Administrators of a group... I have never heard of such a thing. Groups are groups because users of a group have different permissions than users of other groups. Anyone of a particular group should always have the same permissions.
Now, if you wanted to create an "Administrator" of a group, I would do it this way:
1. Create a group of users who has permissions to do certain things in a certain area.
2. Create another group of users who has those same permissions, but also extended permissions to perform administrative tasks.
Setting up your groups this way takes away the headaches of having to modify user permissions individually; it allows you to modify all permissions at a group level. You never want to individually manage users in a large organization as it requires too much administrative overhead.

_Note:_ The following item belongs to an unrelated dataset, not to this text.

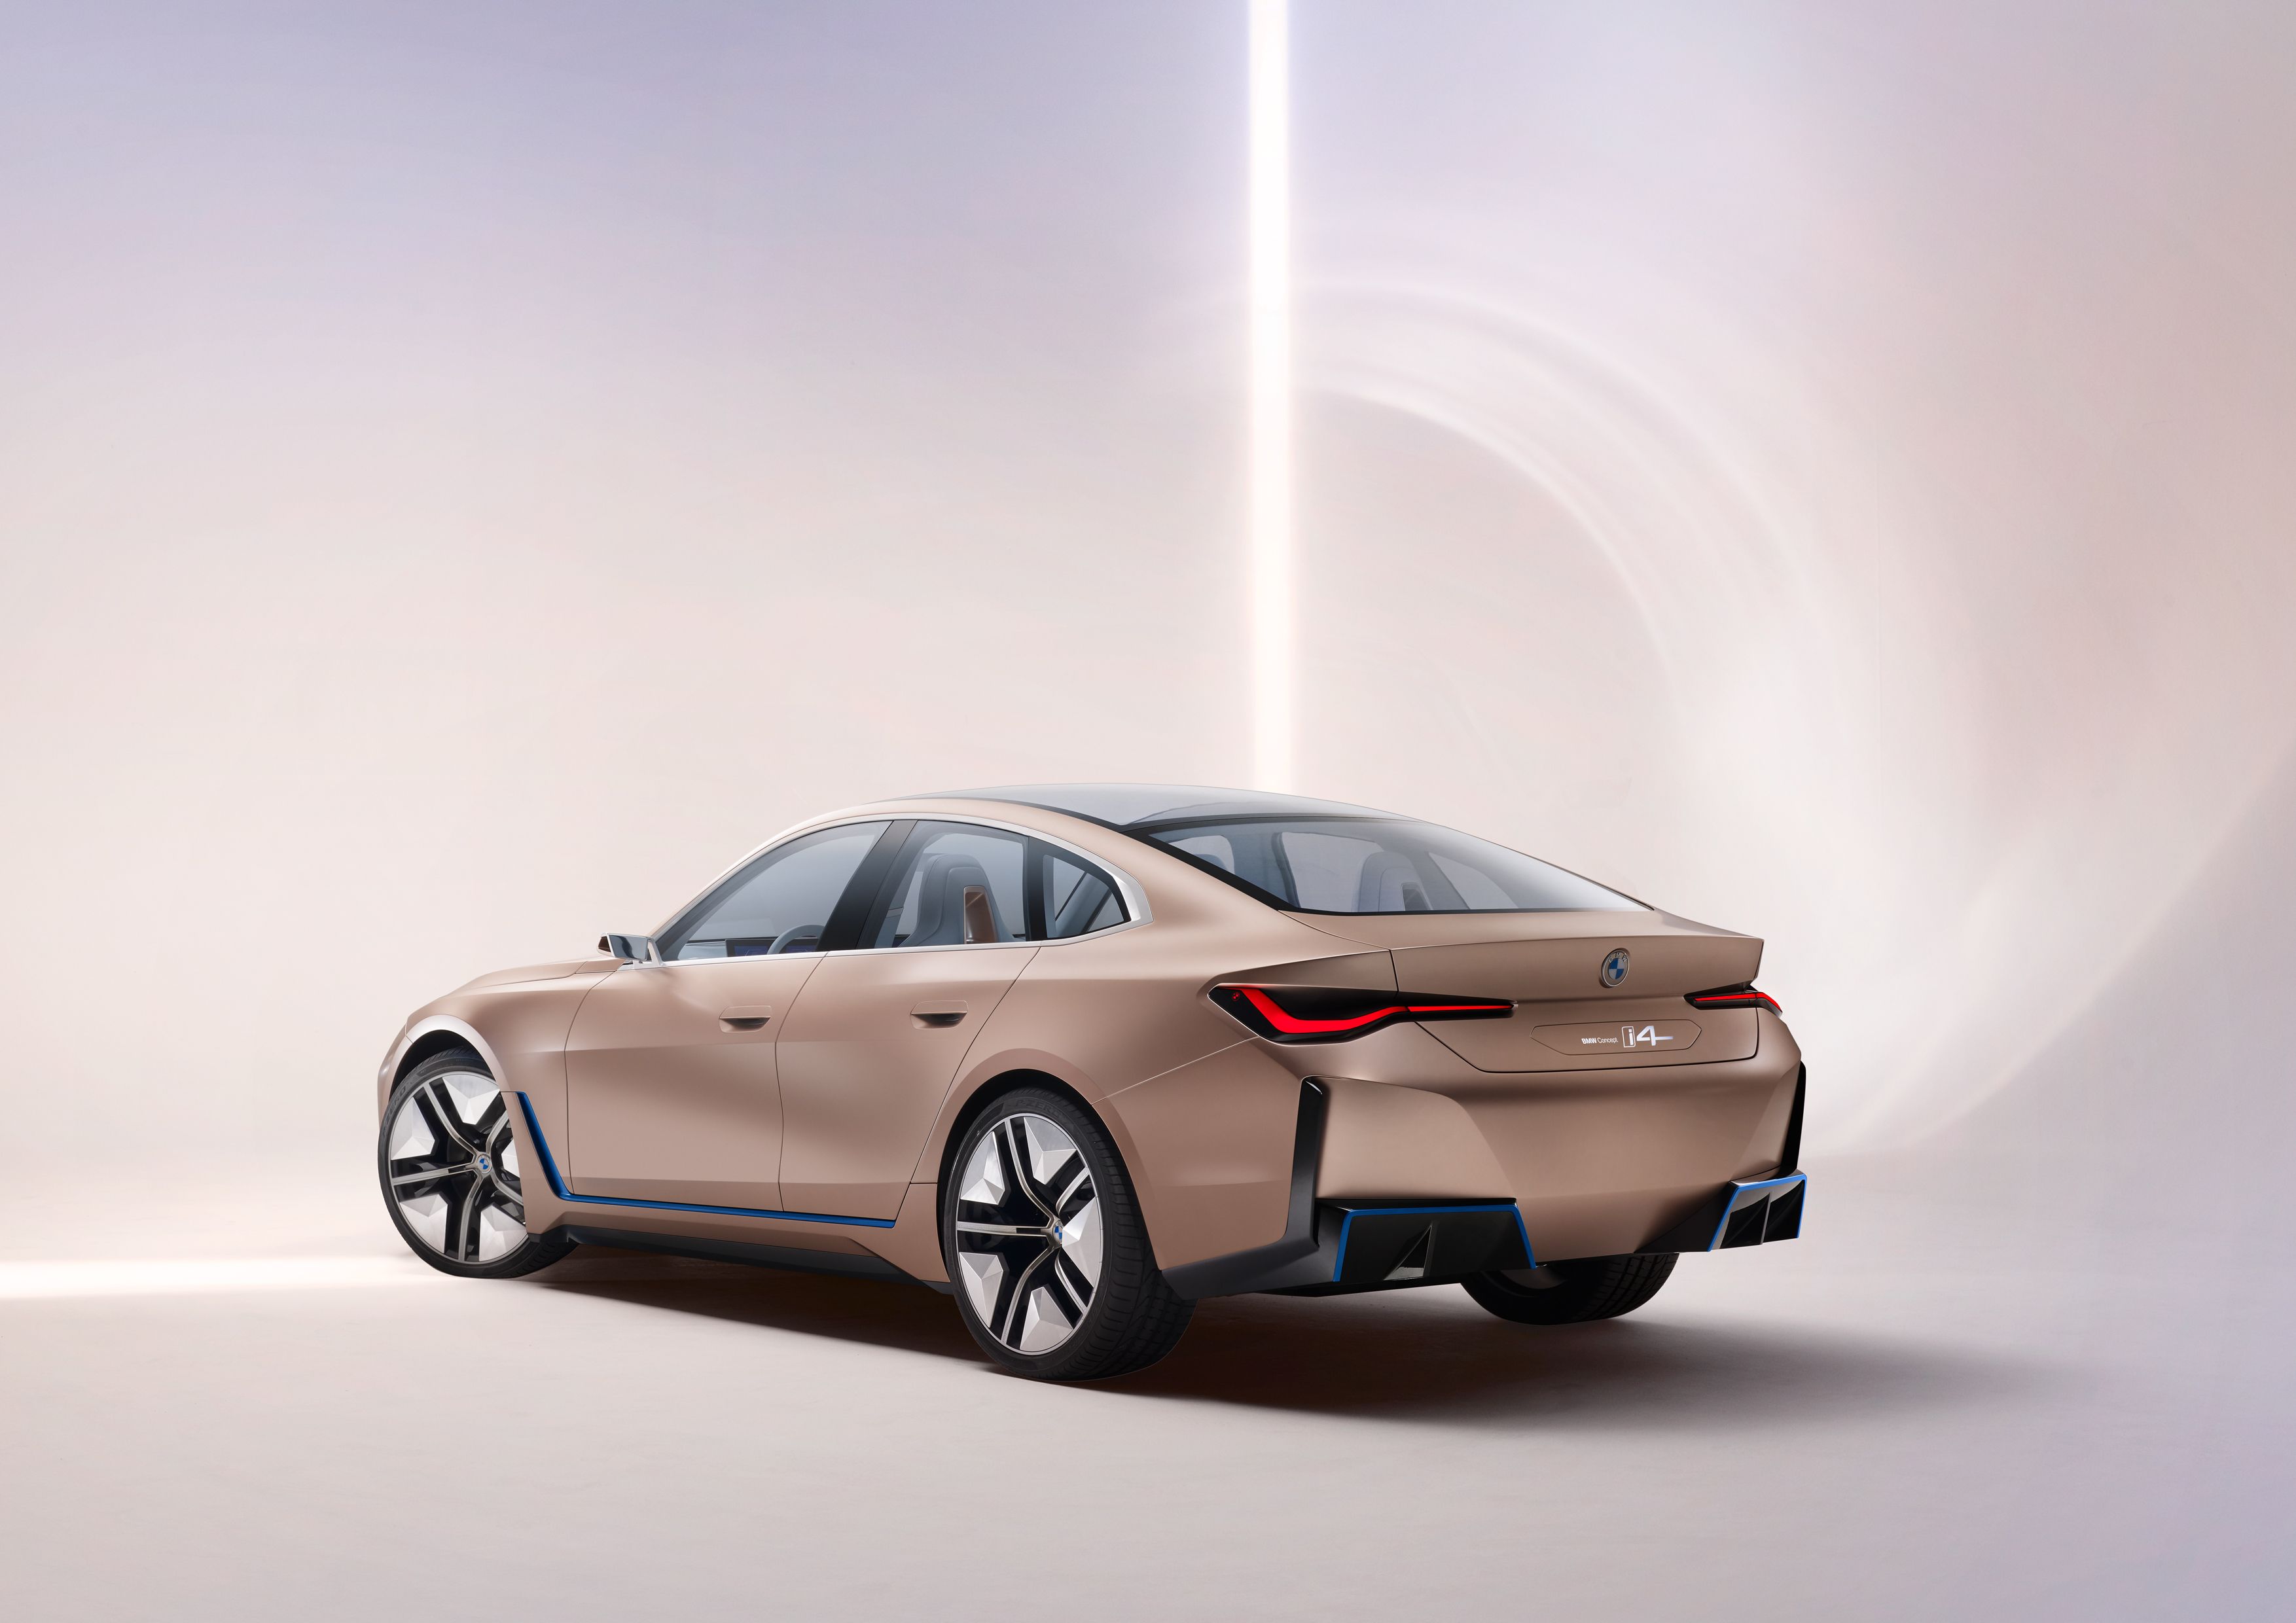 2020 BMW Concept i4
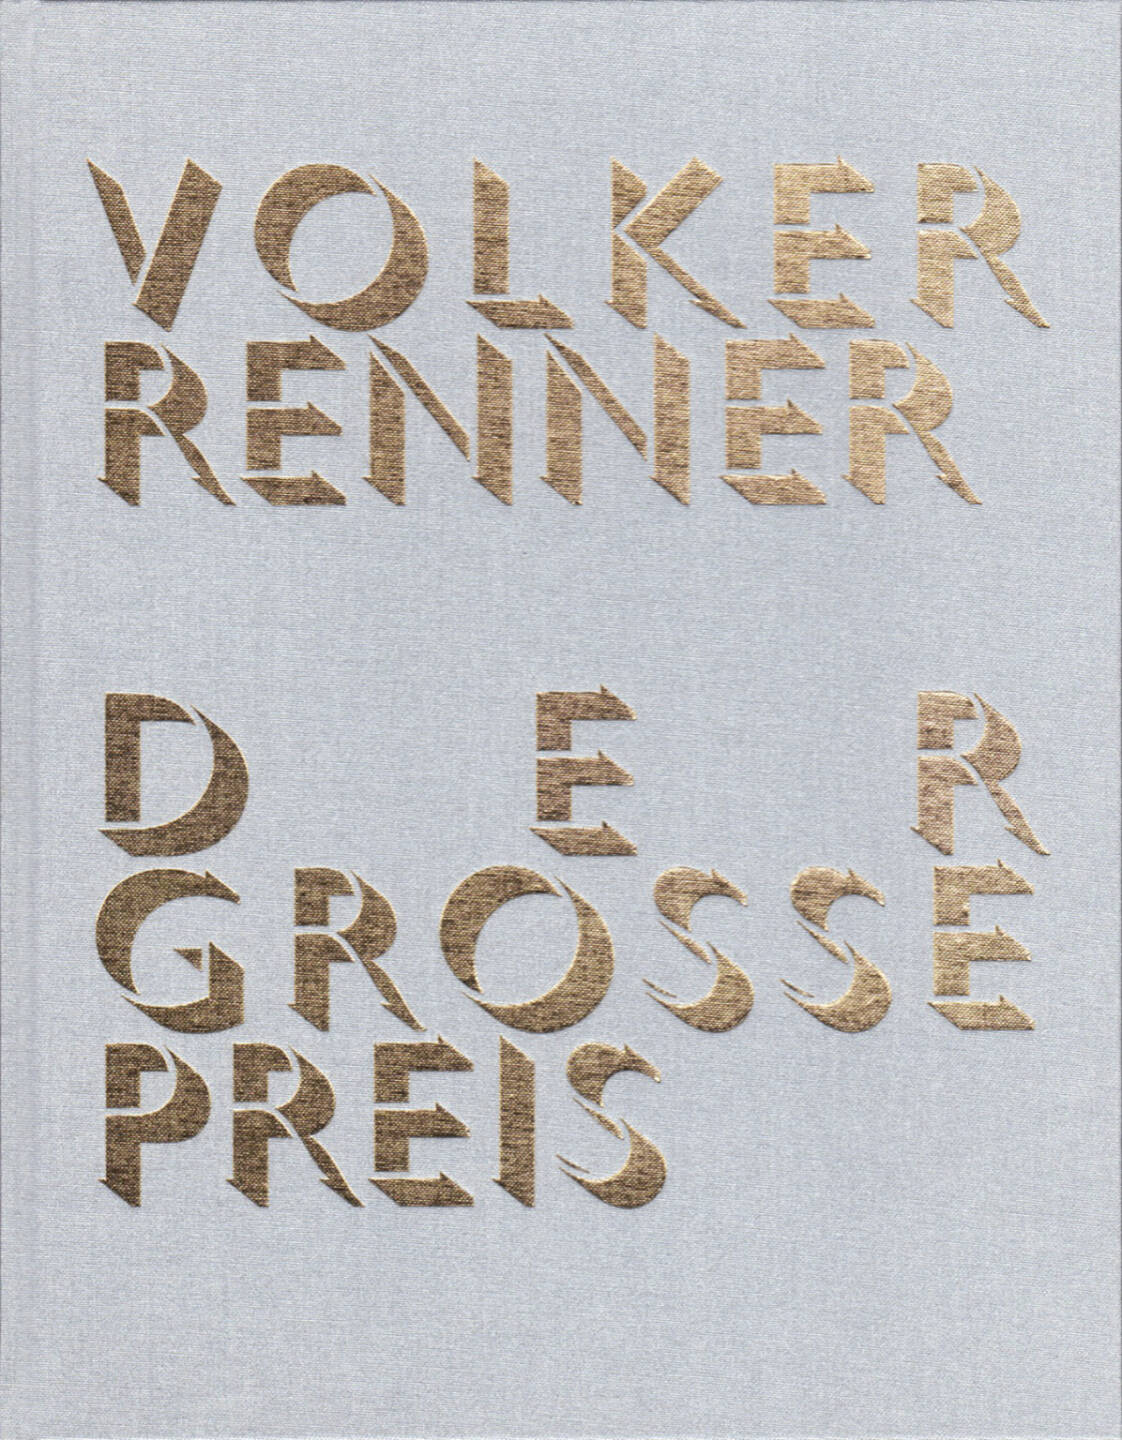 Volker Renner - Der grosse Preis, Textem Verlag 2013, Cover - http://josefchladek.com/book/volker_renner_-_der_grosse_preis

Forgive me if I sound like I'm trying to educate you, but as an enterprise-grade systems administrator/network engineer, this is the only efficient way to get the job done.
Thanks for you suggestions. However this is not quite what I'm after.
I want to have group administrators that can add or remove users of their group as they see fit. This can be achived with "gpasswd". Eg:
Code:
gpasswd -A lennon beatles
would make lennon administrator of beatles.
Since this function is built in to *nix, I thought there must be a way to list the admins of a group. The man pages and the Googler are strangely silent concerning this...
EDIT: Just found the answer! The group admins can be seen in /etc/gshadow.